What this task involves: For this exercise, the lines from the one with "Apple logo Wallpaper" through the final line of the data below are to be transcribed exactly, and pictures are to be skipped.

━━ Given data ━━

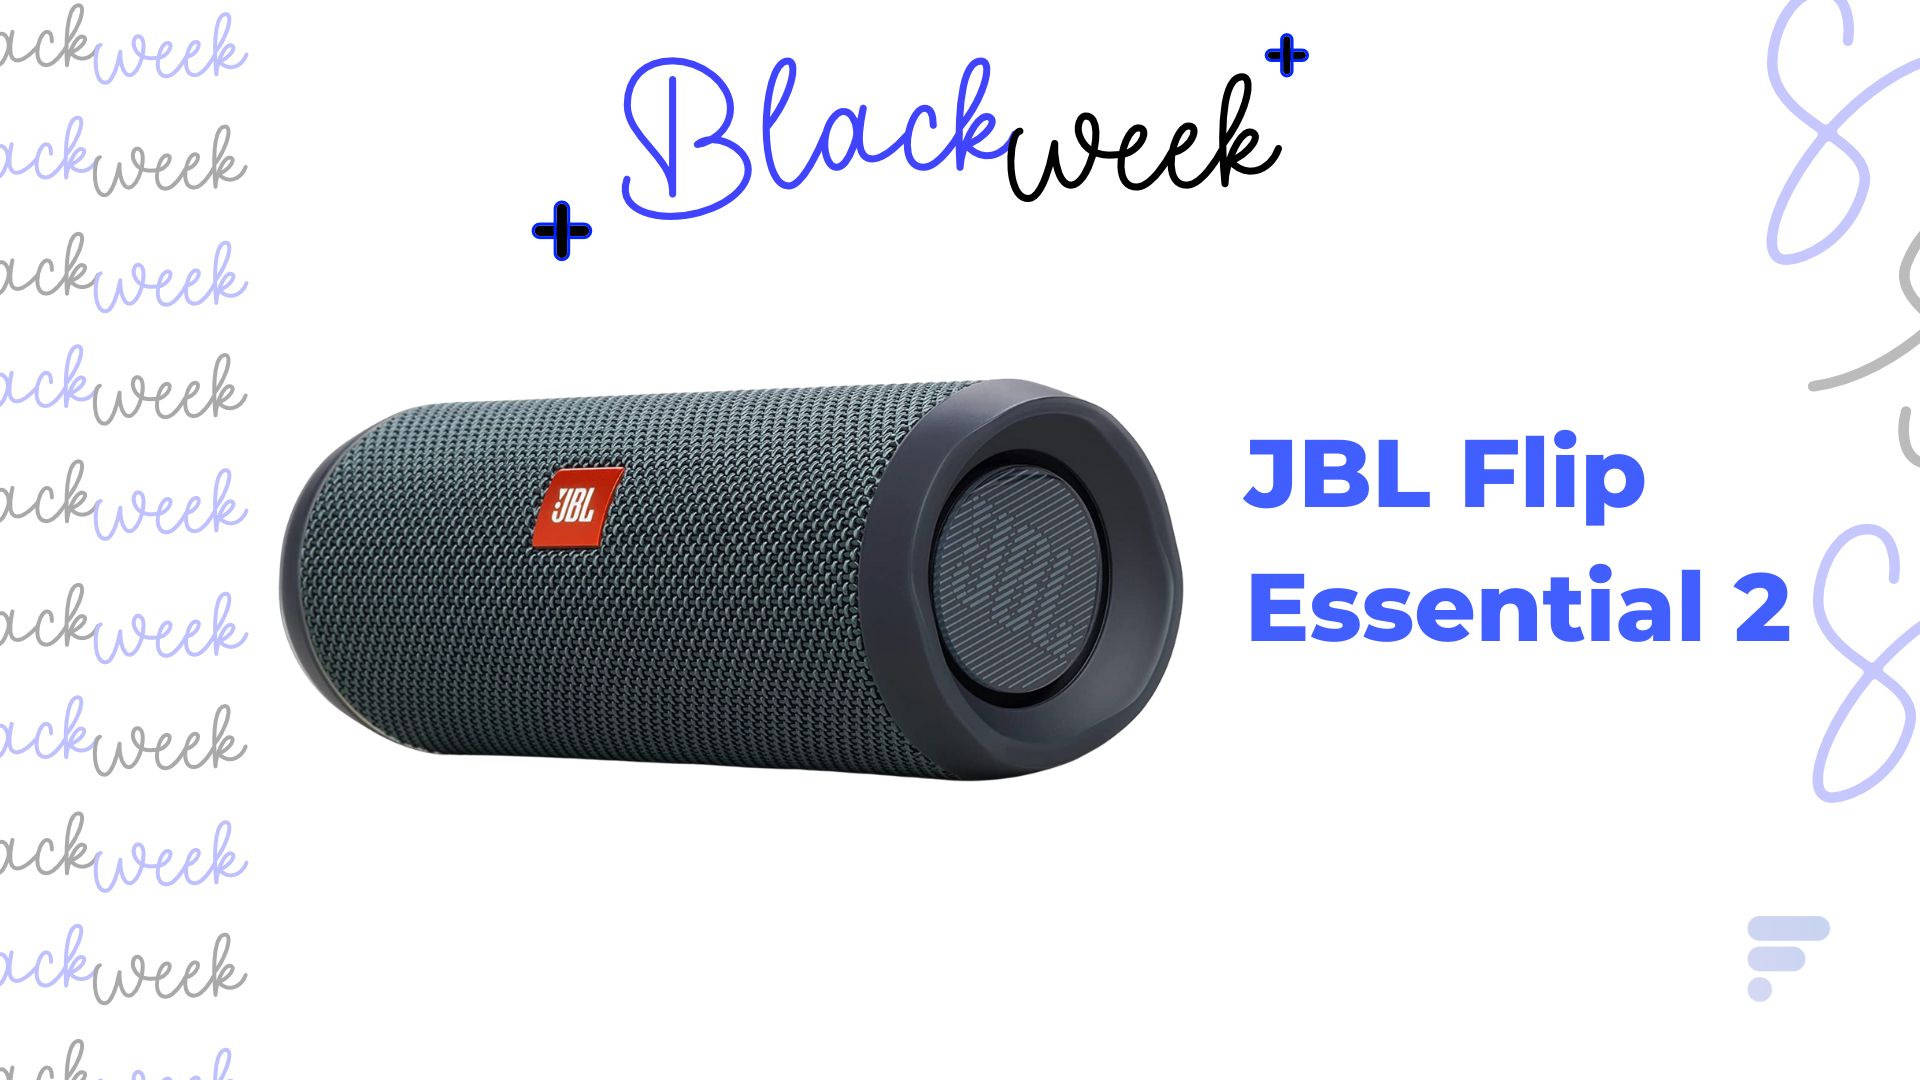 JBL Flip Essential 2 : cette puissante enceinte portable est à -30
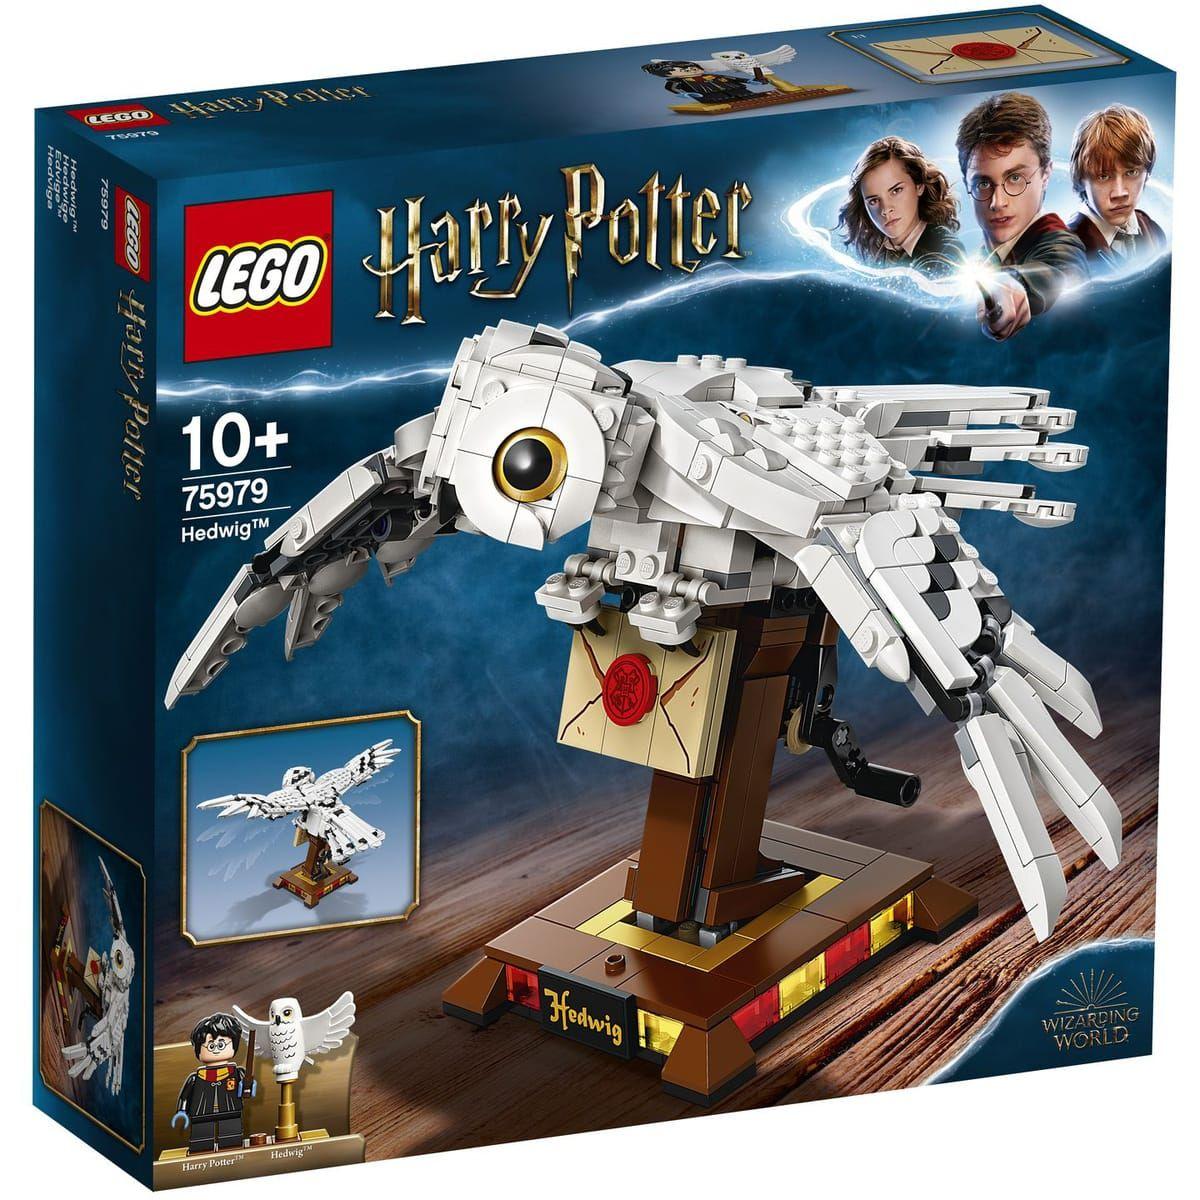 Pour Harry Potter réaliste Hedwig hibou jouet décoration de bureau cadeau
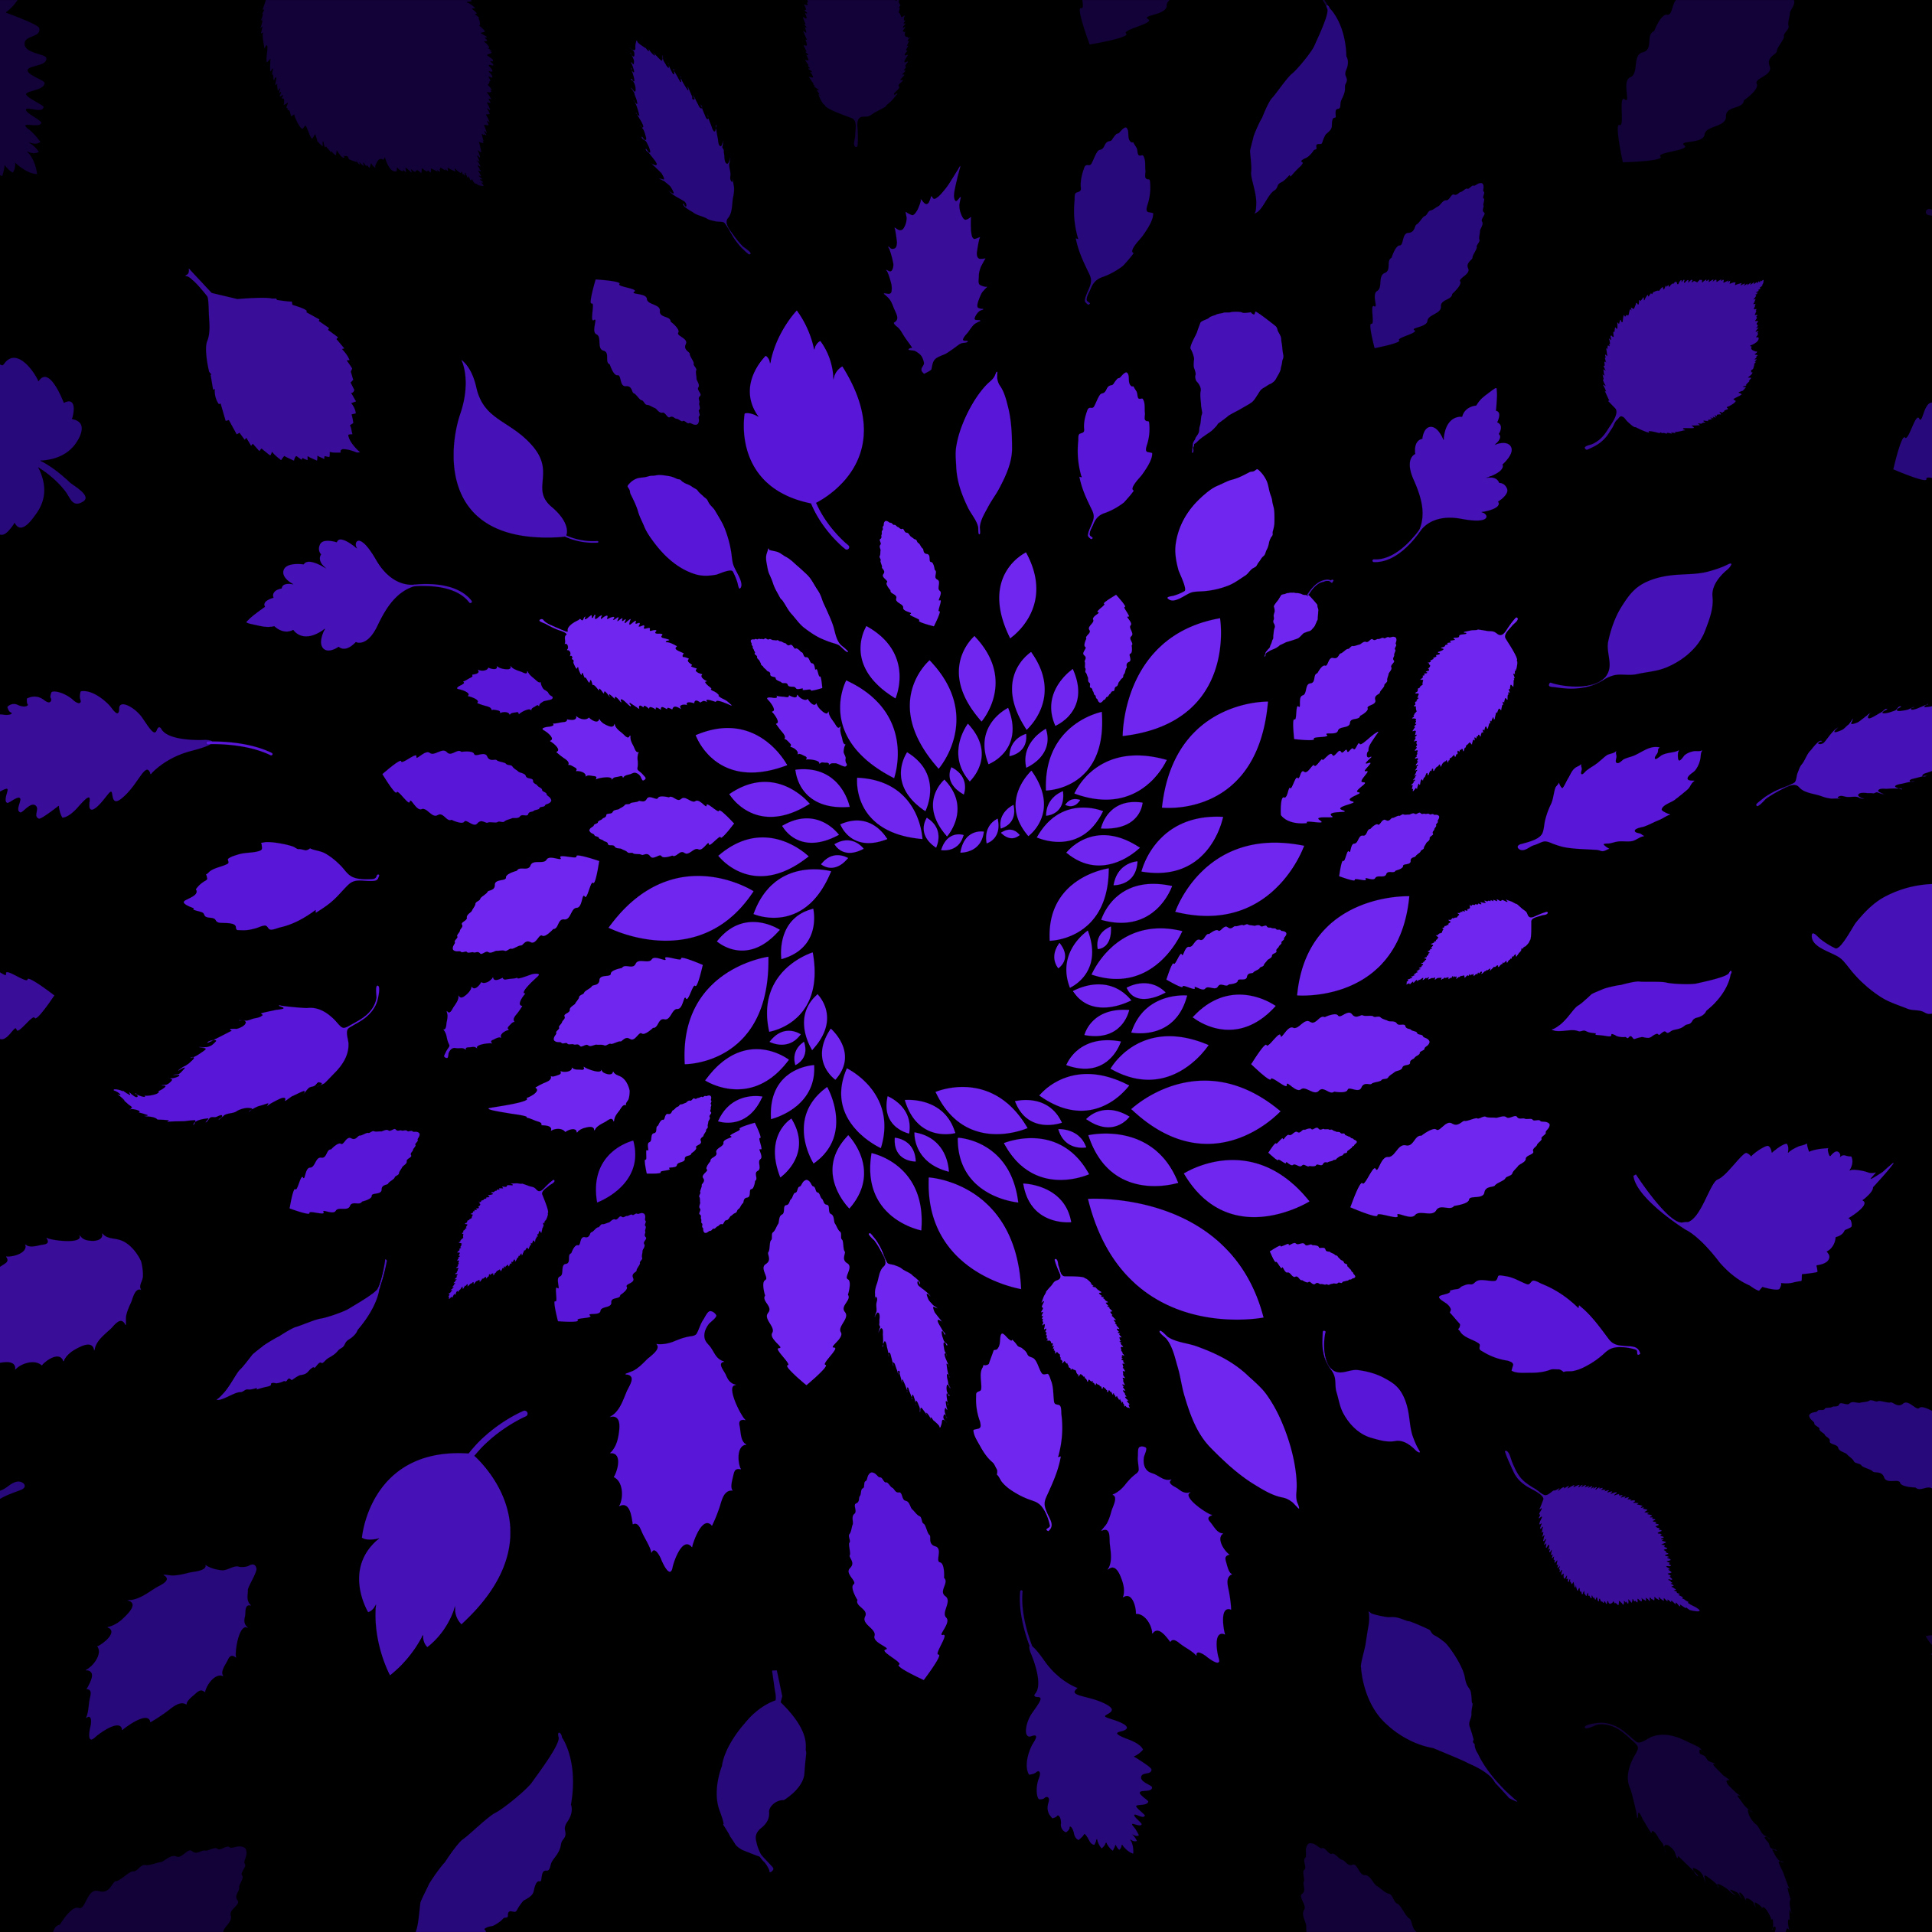 Apple logo Wallpaper 4K, Purple background, Pastel purple
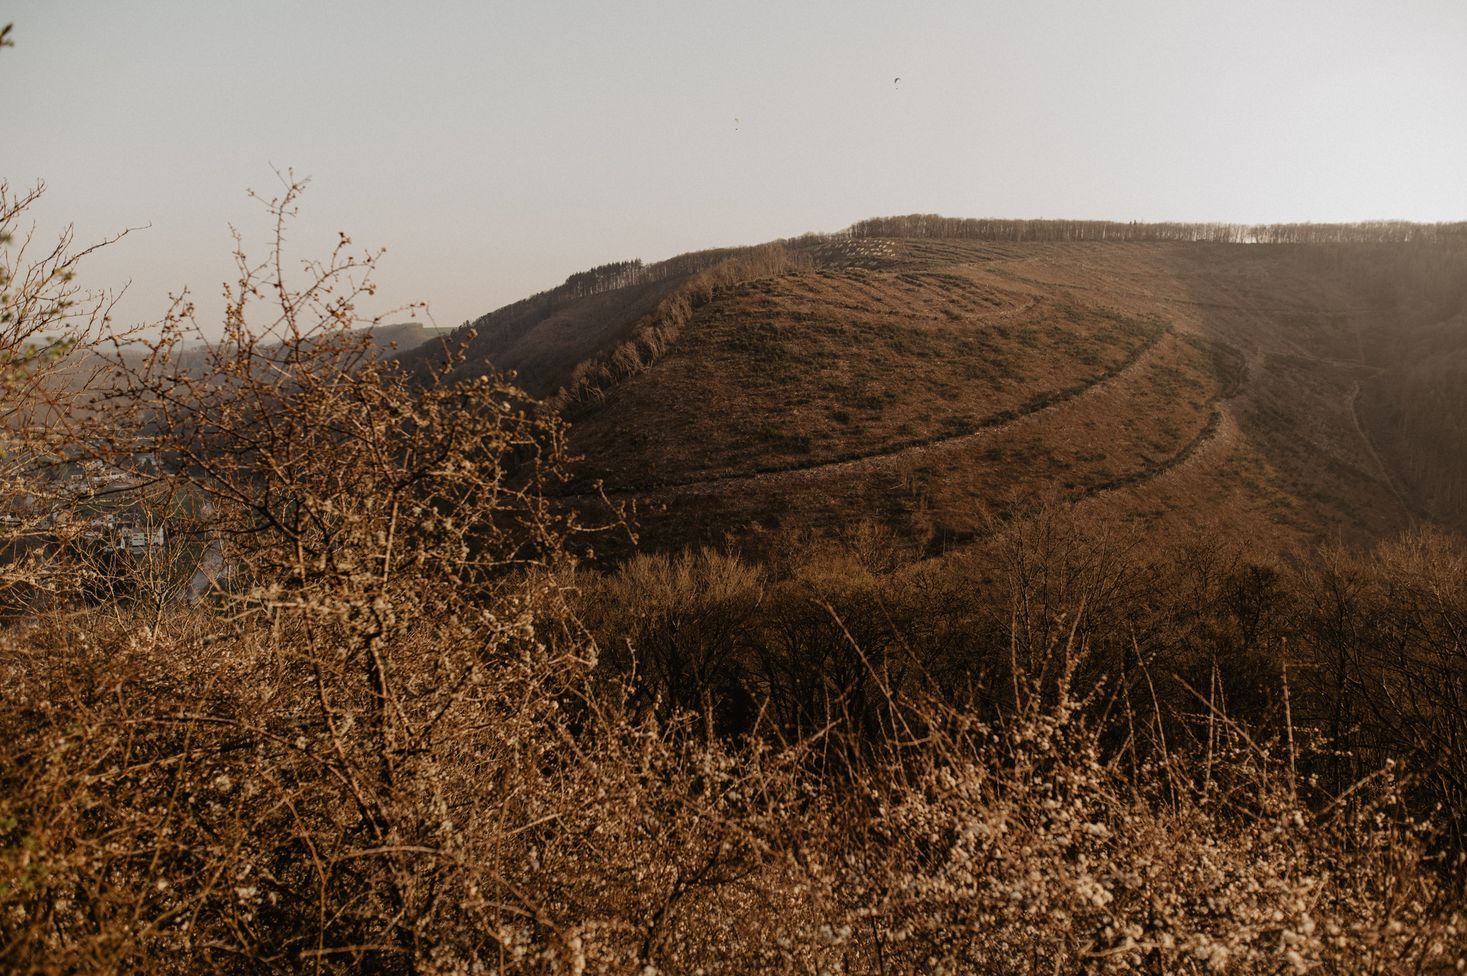 Ein Naturfoto von einem Aussichtspunkt, auf dem ein Berg und viel Gestrüpp zu sehen sind. Die Landschaft ist herbstlich und in der Dämmerung aufgenommen.

━━━

Task answer:
 Apple logo Wallpaper 4K, Purple background, Pastel purple
 Ein Naturfoto von einem Aussichtspunkt, auf dem ein Berg und viel Gestrüpp zu sehen sind. Die Landschaft ist herbstlich und in der Dämmerung aufgenommen.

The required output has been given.